Under Event Details, you can view:

  • The affected application. You can also select the application from the list if two or more applications are affected with violations.

  • The graph indicating all violations

  • The violation occurrence time

  • The detection message indicating the total incomplete requests as slow loris attack

DNS Slow Loris

The DNS Slow Loris indicator detects when a Citrix ADC receives a high number of DNS request spanning more than one packet. This process can exhaust DNS server resources and result in DNS Slow Loris attack. By default, Citrix ADC instance drops these DNS slow loris requests and no further action is required to troubleshoot this issue.

**DNS Slow Loris**

Under Event Details, you can view:

  • The affected application. You can also select the application from the list if two or more applications are affected with violations.

  • The graph indicating all violations

  • The violation occurrence time

  • The detection message indicating the total DNS requests as slow loris attack

HTTP Slow Post

The Slow Post is a Denial-of-Service attack that can send HTTP POST headers to a target application. In the headers, the body message sizes are specified correct, but the message body is sent at a low speed. The target application is forced to wait and can also quickly become unavailable to handle requests if multiple similar connections get opened.

This process can exhaust application server resources and result in HTTP Slow Post attack.

Using the HTTP Slow Post indicator, you can analyze the requests that are resulted in slow post attack.

HTTP slow post

The Recommended Action to troubleshoot this issue to enable and configure Request Timeout in Citrix ADC HTTP profile. For more information, see HTTP Configurations.

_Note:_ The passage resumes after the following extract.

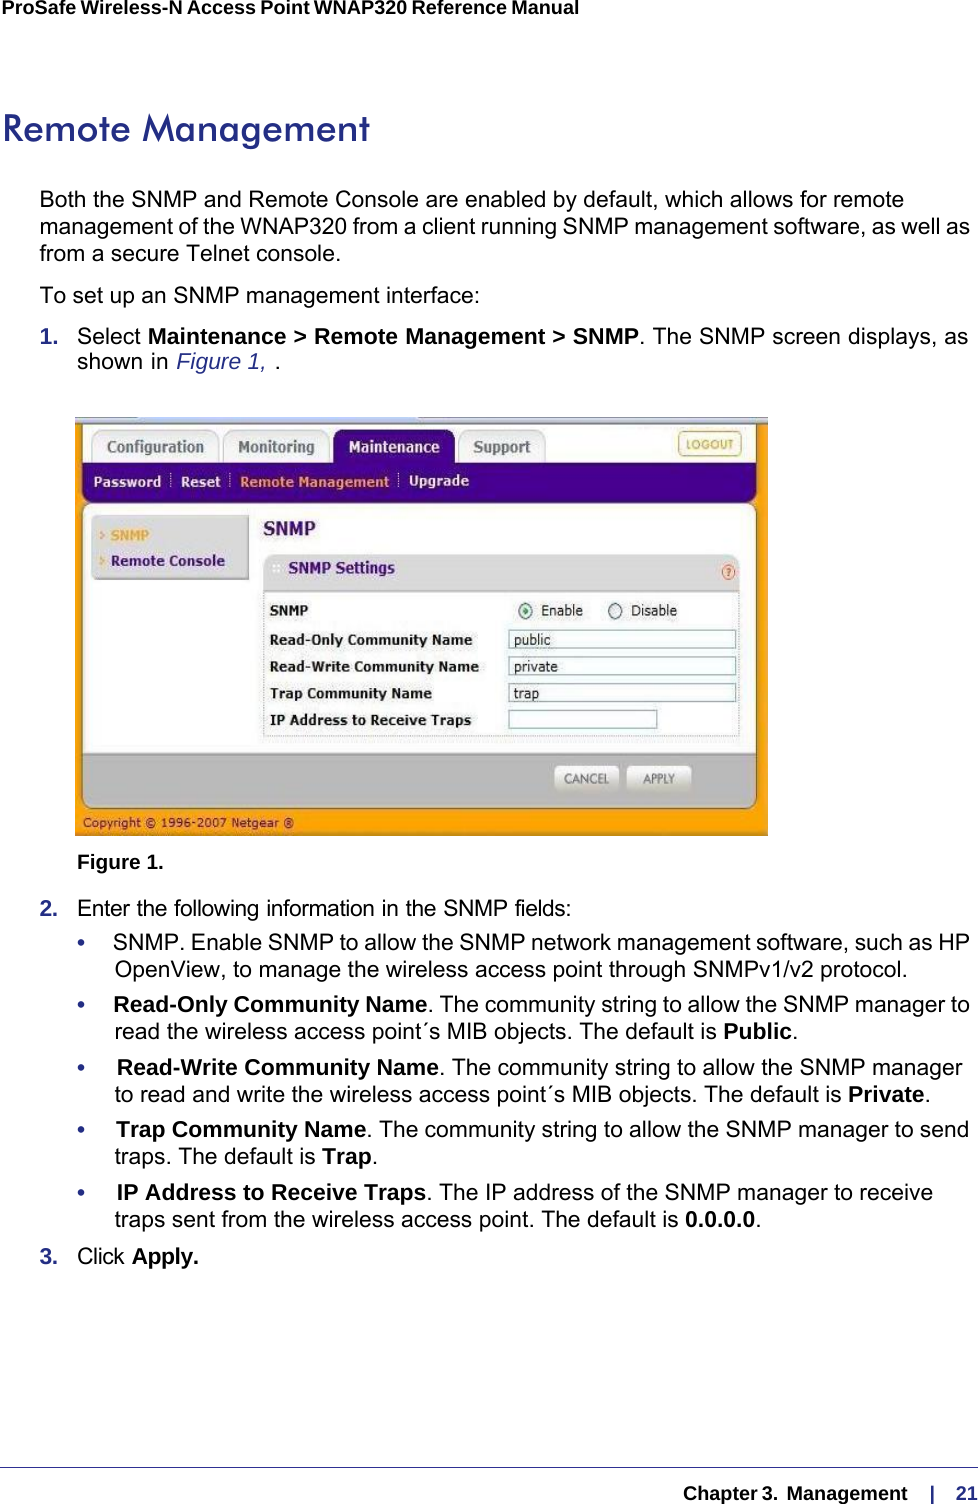   Chapter 3.  Management     |    21ProSafe Wireless-N Access Point WNAP320 Reference Manual Remote ManagementBoth the SNMP and Remote Console are enabled by default, which allows for remote management of the WNAP320 from a client running SNMP management software, as well as from a secure Telnet console.To set up an SNMP management interface:1.  Select Maintenance &gt; Remote Management &gt; SNMP. The SNMP screen displays, as shown in Figure  1, . Figure 1.  2.  Enter the following information in the SNMP fields:•     SNMP. Enable SNMP to allow the SNMP network management software, such as HP OpenView, to manage the wireless access point through SNMPv1/v2 protocol. •     Read-Only Community Name. The community string to allow the SNMP manager to read the wireless access point´s MIB objects. The default is Public.•     Read-Write Community Name. The community string to allow the SNMP manager to read and write the wireless access point´s MIB objects. The default is Private.•     Trap Community Name. The community string to allow the SNMP manager to send traps. The default is Trap.•     IP Address to Receive Traps. The IP address of the SNMP manager to receive traps sent from the wireless access point. The default is 0.0.0.0.3.  Click Apply.

Under Event Details, you can view:

  • The affected application. You can also select the application from the list if two or more applications are affected with violations.

  • The graph indicating all violations

  • The violation occurrence time

  • The detection message indicating the total POST requests as slow loris attack

NXDomain Flood Attack

The NXDomain Flood Attack is a distributed denial-of-service (DDoS) attack that can target a DNS server or an ADC instance (that is configured as a DNS proxy server) and send a high volume of non-existence or invalid requests. This attack can impact the DNS server or ADC instance resulting in slowdown or requests not getting a response.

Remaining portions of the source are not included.